Robots don’t plan ahead as well as humans, but they’re becoming better at it. That’s the gist of a trio of academic papers Google’s robotics research division highlighted in a blog post this afternoon. Taken together, the authors say, they lay the groundwork for robots capable of navigating long distances by themselves.
“In the United States alone, there are three million people with a mobility impairment that prevents them from ever leaving their homes,” senior research scientist Aleksandra Faust and senior robotics software engineer Anthony Francis wrote. “[Machines could] improve the independence of people with limited mobility, for example, by bringing them groceries, medicine, and packages.”

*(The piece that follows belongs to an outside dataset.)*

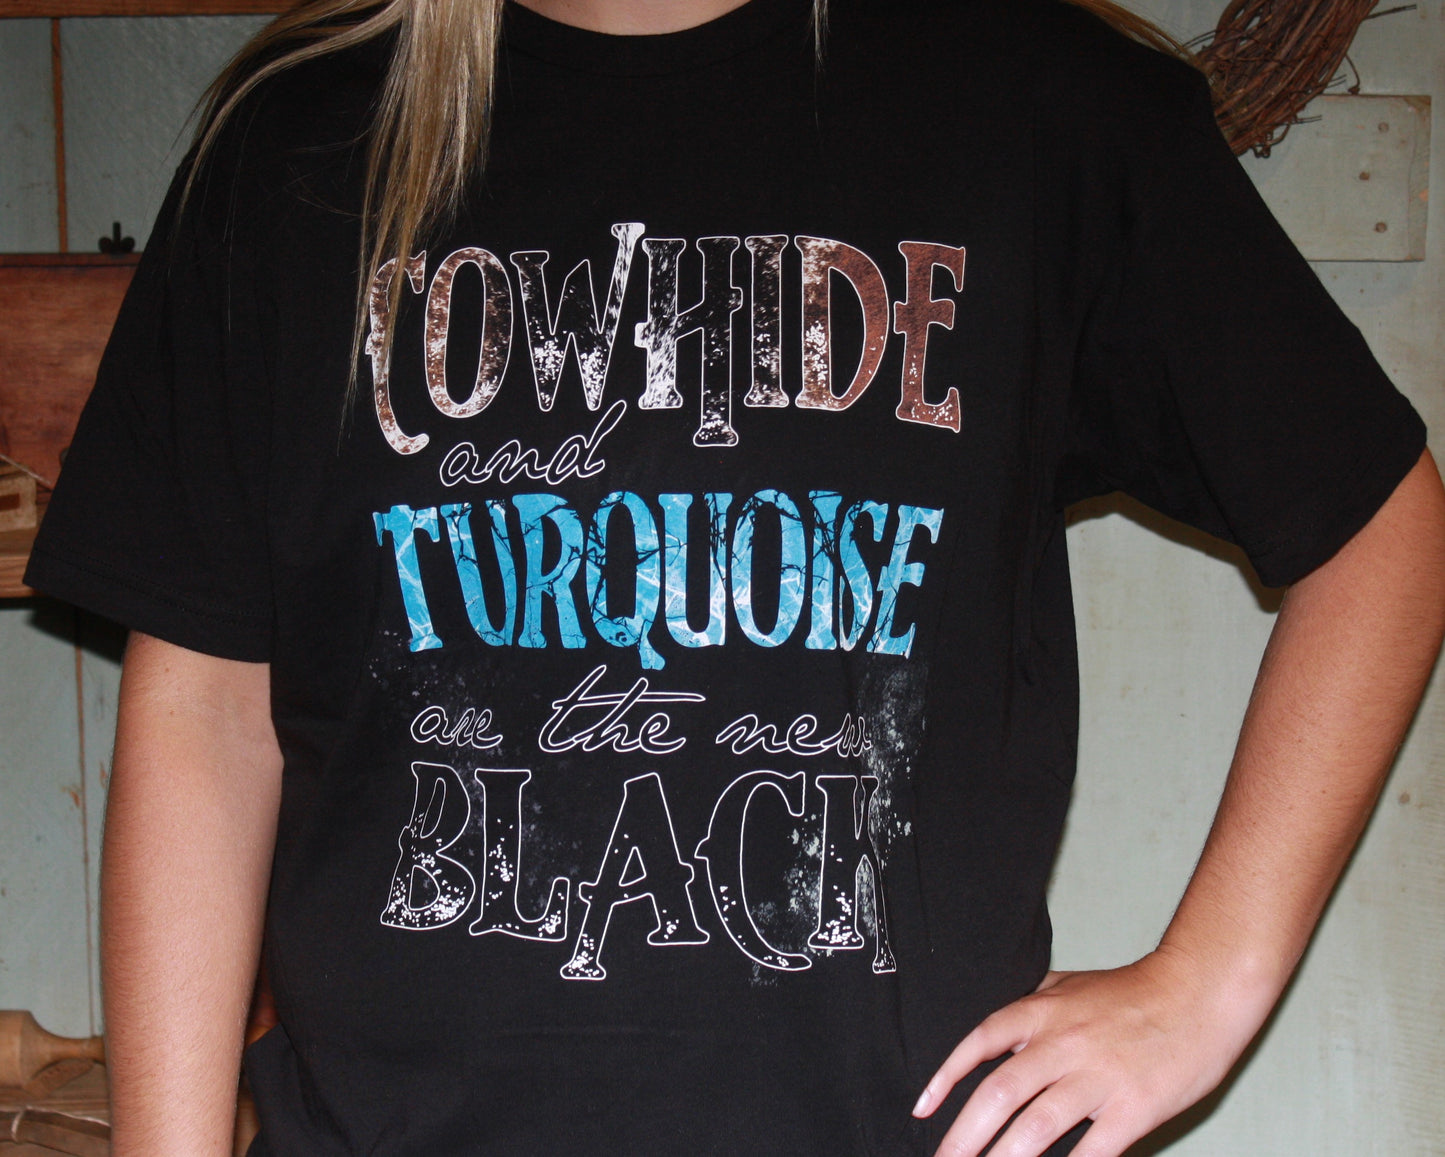 Cowhide & Turquoise is the new black

How? In part by using reinforcement learning (RL), an AI training technique that employs rewards to drive agents toward goals. Faust, Francis, and colleagues combined RL with long-range planning to produce planner agents that can traverse short distances (up to 15 meters) safely, without colliding into moving obstacles. They tapped AutoRL, a tool that automates the search for RL rewards and neural network architectures, to train those agents in a simulated environment. They next used the trained agents to build roadmaps, or graphs comprising nodes (locations) and edges that connect to the nodes only if said agents can traverse between them reliably.
It’s easier said than done; as the researchers point out, training agents with traditional RL approaches poses lots of challenges. It requires spending time iterating and hand-tuning rewards and making poorly informed decisions about AI architectures, not to mention mitigating “catastrophic forgetting,” a phenomenon in which AI systems abruptly forget previously learned information upon learning new information.
AutoRL attempts to solve for this in two phases: reward search and neural network architecture search. During the first stage, it trains agents concurrently over several generations, each with slightly different reward functions. At the end of the phase, the reward that leads the agent to its destination most often is selected. The neural network architecture search phase is a repetition of the first phase, essentially, but using the selected reward to tune the network and optimizing for the cumulative reward.
The process isn’t particularly efficient — AutoRL training over ten generations of 100 agents requires five billion samples, or 32 years’ worth of training. But importantly, it’s automated. The models don’t experience catastrophic forgetting, and the resulting policies are “higher quality” compared to prior art (up to 26 percent better in navigation tasks). They’re even robust enough to guide robots through unstructured environments — i.e., environments they’ve never seen before.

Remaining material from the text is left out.